Backyard Eggs

"Would you be willing to donate an egg or two to science?" I asked Hayley, the Museum's Assistant Director. Hayley has a flock of backyard chickens at home and I was wondering if their eggs are stronger than store-bought eggs. Luckily she was willing to sacrifice a few for the raptor program demonstration.

After meeting Aldo the American Kestrel during each live raptor program, we take a look at the problems associated with DDT that their cousin the Peregrine Falcon faced in the mid-1900's. DDT was fantastic at killing pesky insects, but it also thinned the falcon's egg shells so much that the eggs broke during incubation. 

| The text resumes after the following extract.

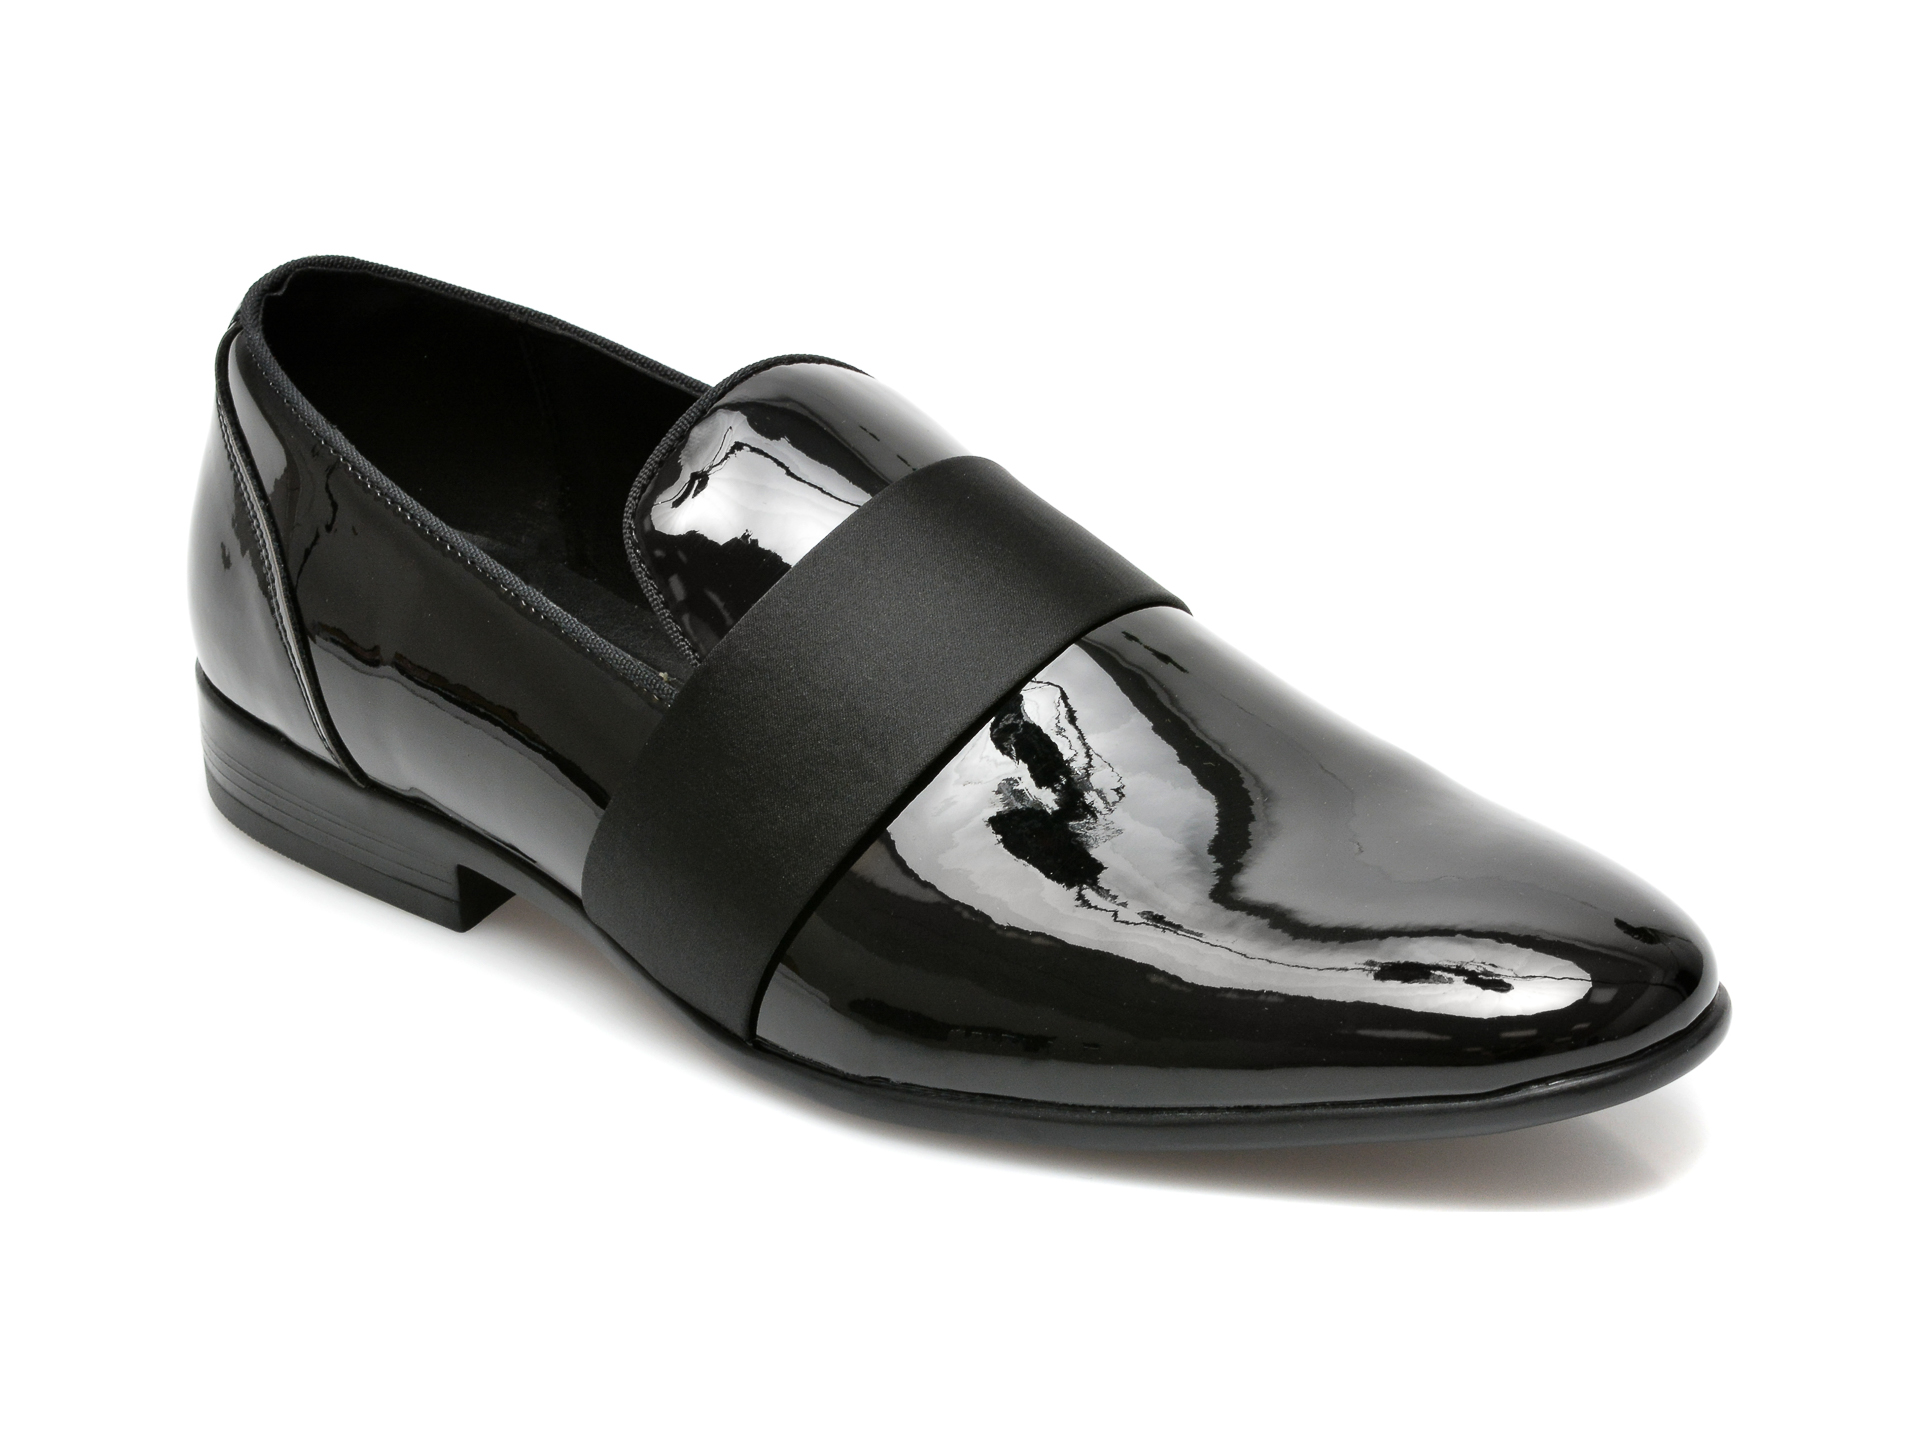 Pantofi ALDO negri, Asaria004, din piele ecologica Aldo Aldo
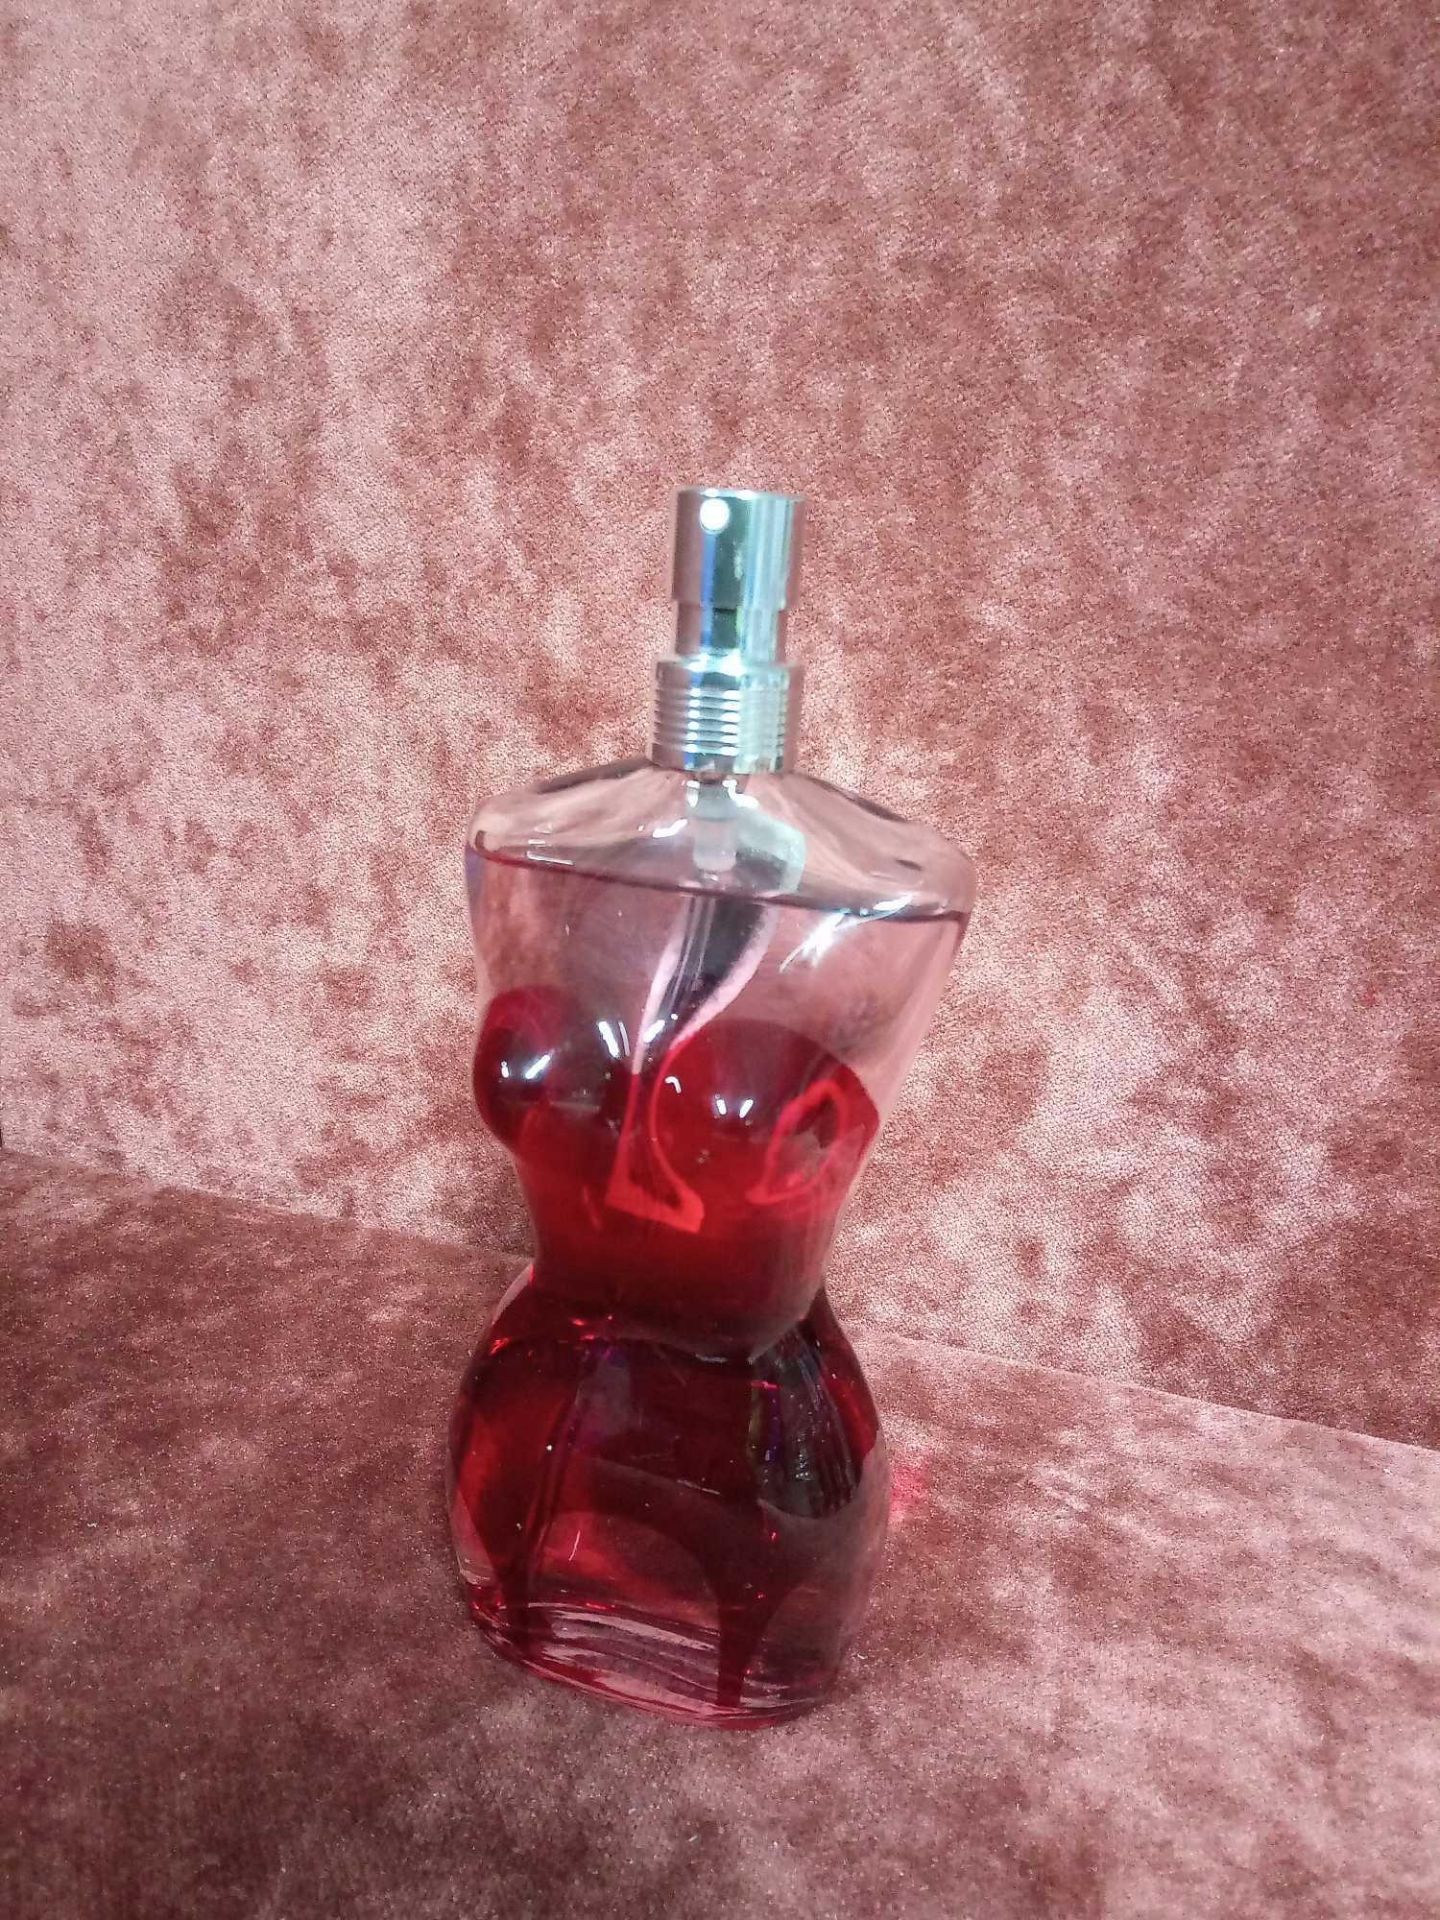 RRP £80 Unboxed 100Ml Tester Bottle Of Jean Paul Gaultier Classique Eau De Parfum Ex Display - Image 2 of 2

"I made an omelet for breakfast this morning," I tell the audience. "And those eggs were pretty easy to crack. If eggs are already pretty fragile, maybe we didn't have too much of an impact on the birds." So I set up the Egg Smasher for a science experiment: how much weight can a healthy egg hold? We slowly add weight to a chicken egg until it breaks.

Normally I use a store-bought egg from a commercial farm. When my 35-pound box of rocks doesn't break the egg, I start using children of increasing sizes to sit on the egg. The egg finally cracks, with a gasp from the audience, under 60-90 pounds of weight. On average, I would say most eggs hold around 80 pounds, while I've had a handful of eggs hold over 100 pounds during this demonstration. 

During the last two programs, we tested Hayley's home-grown eggs. They held around 90 and 95 pounds before cracking, which is on the higher end of the average range. Good job, chickens!

Chicken eggs are approximately the same size as Peregrine Falcon eggs, so they should hold the same amount of weight. "A female Peregrine Falcon weighs 2 pounds. Her weight was enough to break her eggs," I explain to the audience once everyone recovers from the excitement of the egg smashing. "Did we have a big impact on those birds? Did we mean to?" Eggs are stronger than you would think, so yes, we had a huge impact! Eggshell thinning happened because we were spraying a chemical that solved one problem for us - it killed insects. But we didn't realize what other effects it would have in the environment. Luckily we figured out the problem and DDT was banned in Wisconsin in 1970 (largely thanks to Lorrie Otto's efforts, whom our owl is named after) and nationwide in 1972. With help from a reintroduction program, Peregrine Falcons could come back to Wisconsin.